The reply to the records below should contain exactly the lines from the line with "Terrasse Bois Piscine" through the line with "DISC Dean Vendetta", and nothing besides.

[Stored records]
·····

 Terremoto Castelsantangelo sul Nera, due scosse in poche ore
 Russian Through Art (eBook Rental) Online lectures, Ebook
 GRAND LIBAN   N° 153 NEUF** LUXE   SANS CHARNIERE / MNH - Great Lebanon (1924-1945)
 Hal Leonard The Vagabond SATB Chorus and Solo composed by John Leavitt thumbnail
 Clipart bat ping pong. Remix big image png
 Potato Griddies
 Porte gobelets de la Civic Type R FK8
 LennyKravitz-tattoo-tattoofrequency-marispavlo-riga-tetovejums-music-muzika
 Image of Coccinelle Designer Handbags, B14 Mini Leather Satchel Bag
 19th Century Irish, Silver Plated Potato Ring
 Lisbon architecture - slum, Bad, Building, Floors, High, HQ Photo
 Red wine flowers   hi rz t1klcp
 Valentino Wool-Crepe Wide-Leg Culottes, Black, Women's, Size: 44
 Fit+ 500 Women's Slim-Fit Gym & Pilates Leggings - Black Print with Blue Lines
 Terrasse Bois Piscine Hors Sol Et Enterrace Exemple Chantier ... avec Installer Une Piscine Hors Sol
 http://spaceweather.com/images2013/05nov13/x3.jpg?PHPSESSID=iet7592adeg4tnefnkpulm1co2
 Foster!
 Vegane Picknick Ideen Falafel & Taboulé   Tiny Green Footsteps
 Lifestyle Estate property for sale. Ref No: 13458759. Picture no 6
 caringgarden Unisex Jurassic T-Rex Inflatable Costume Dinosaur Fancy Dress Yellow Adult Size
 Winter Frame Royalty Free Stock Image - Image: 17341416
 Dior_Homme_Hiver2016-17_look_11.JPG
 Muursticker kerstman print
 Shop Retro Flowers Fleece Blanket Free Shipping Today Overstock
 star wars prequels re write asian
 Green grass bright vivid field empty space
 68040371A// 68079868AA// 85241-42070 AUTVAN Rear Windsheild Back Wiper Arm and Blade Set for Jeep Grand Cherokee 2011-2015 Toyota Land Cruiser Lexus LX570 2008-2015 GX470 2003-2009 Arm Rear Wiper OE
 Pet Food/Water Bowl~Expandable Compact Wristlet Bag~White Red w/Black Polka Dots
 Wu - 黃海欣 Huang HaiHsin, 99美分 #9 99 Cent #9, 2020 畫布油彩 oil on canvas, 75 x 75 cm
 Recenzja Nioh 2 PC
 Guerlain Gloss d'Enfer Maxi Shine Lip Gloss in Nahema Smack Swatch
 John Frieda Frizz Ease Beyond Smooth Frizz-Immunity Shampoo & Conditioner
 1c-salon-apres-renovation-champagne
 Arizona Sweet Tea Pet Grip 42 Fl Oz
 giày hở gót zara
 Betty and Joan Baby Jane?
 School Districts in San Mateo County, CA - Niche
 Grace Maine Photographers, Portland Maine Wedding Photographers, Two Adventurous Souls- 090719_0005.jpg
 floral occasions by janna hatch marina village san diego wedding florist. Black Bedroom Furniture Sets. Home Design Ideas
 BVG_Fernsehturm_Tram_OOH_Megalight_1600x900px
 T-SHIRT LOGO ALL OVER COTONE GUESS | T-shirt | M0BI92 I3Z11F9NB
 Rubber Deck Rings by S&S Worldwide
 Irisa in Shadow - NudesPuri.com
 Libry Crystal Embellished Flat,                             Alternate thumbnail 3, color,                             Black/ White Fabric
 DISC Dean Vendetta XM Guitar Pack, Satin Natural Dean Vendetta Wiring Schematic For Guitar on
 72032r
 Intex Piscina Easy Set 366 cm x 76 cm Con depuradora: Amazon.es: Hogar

·····

**Response to this exercise**
 Terrasse Bois Piscine Hors Sol Et Enterrace Exemple Chantier ... avec Installer Une Piscine Hors Sol
 http://spaceweather.com/images2013/05nov13/x3.jpg?PHPSESSID=iet7592adeg4tnefnkpulm1co2
 Foster!
 Vegane Picknick Ideen Falafel & Taboulé   Tiny Green Footsteps
 Lifestyle Estate property for sale. Ref No: 13458759. Picture no 6
 caringgarden Unisex Jurassic T-Rex Inflatable Costume Dinosaur Fancy Dress Yellow Adult Size
 Winter Frame Royalty Free Stock Image - Image: 17341416
 Dior_Homme_Hiver2016-17_look_11.JPG
 Muursticker kerstman print
 Shop Retro Flowers Fleece Blanket Free Shipping Today Overstock
 star wars prequels re write asian
 Green grass bright vivid field empty space
 68040371A// 68079868AA// 85241-42070 AUTVAN Rear Windsheild Back Wiper Arm and Blade Set for Jeep Grand Cherokee 2011-2015 Toyota Land Cruiser Lexus LX570 2008-2015 GX470 2003-2009 Arm Rear Wiper OE
 Pet Food/Water Bowl~Expandable Compact Wristlet Bag~White Red w/Black Polka Dots
 Wu - 黃海欣 Huang HaiHsin, 99美分 #9 99 Cent #9, 2020 畫布油彩 oil on canvas, 75 x 75 cm
 Recenzja Nioh 2 PC
 Guerlain Gloss d'Enfer Maxi Shine Lip Gloss in Nahema Smack Swatch
 John Frieda Frizz Ease Beyond Smooth Frizz-Immunity Shampoo & Conditioner
 1c-salon-apres-renovation-champagne
 Arizona Sweet Tea Pet Grip 42 Fl Oz
 giày hở gót zara
 Betty and Joan Baby Jane?
 School Districts in San Mateo County, CA - Niche
 Grace Maine Photographers, Portland Maine Wedding Photographers, Two Adventurous Souls- 090719_0005.jpg
 floral occasions by janna hatch marina village san diego wedding florist. Black Bedroom Furniture Sets. Home Design Ideas
 BVG_Fernsehturm_Tram_OOH_Megalight_1600x900px
 T-SHIRT LOGO ALL OVER COTONE GUESS | T-shirt | M0BI92 I3Z11F9NB
 Rubber Deck Rings by S&S Worldwide
 Irisa in Shadow - NudesPuri.com
 Libry Crystal Embellished Flat,                             Alternate thumbnail 3, color,                             Black/ White Fabric
 DISC Dean Vendetta XM Guitar Pack, Satin Natural Dean Vendetta Wiring Schematic For Guitar on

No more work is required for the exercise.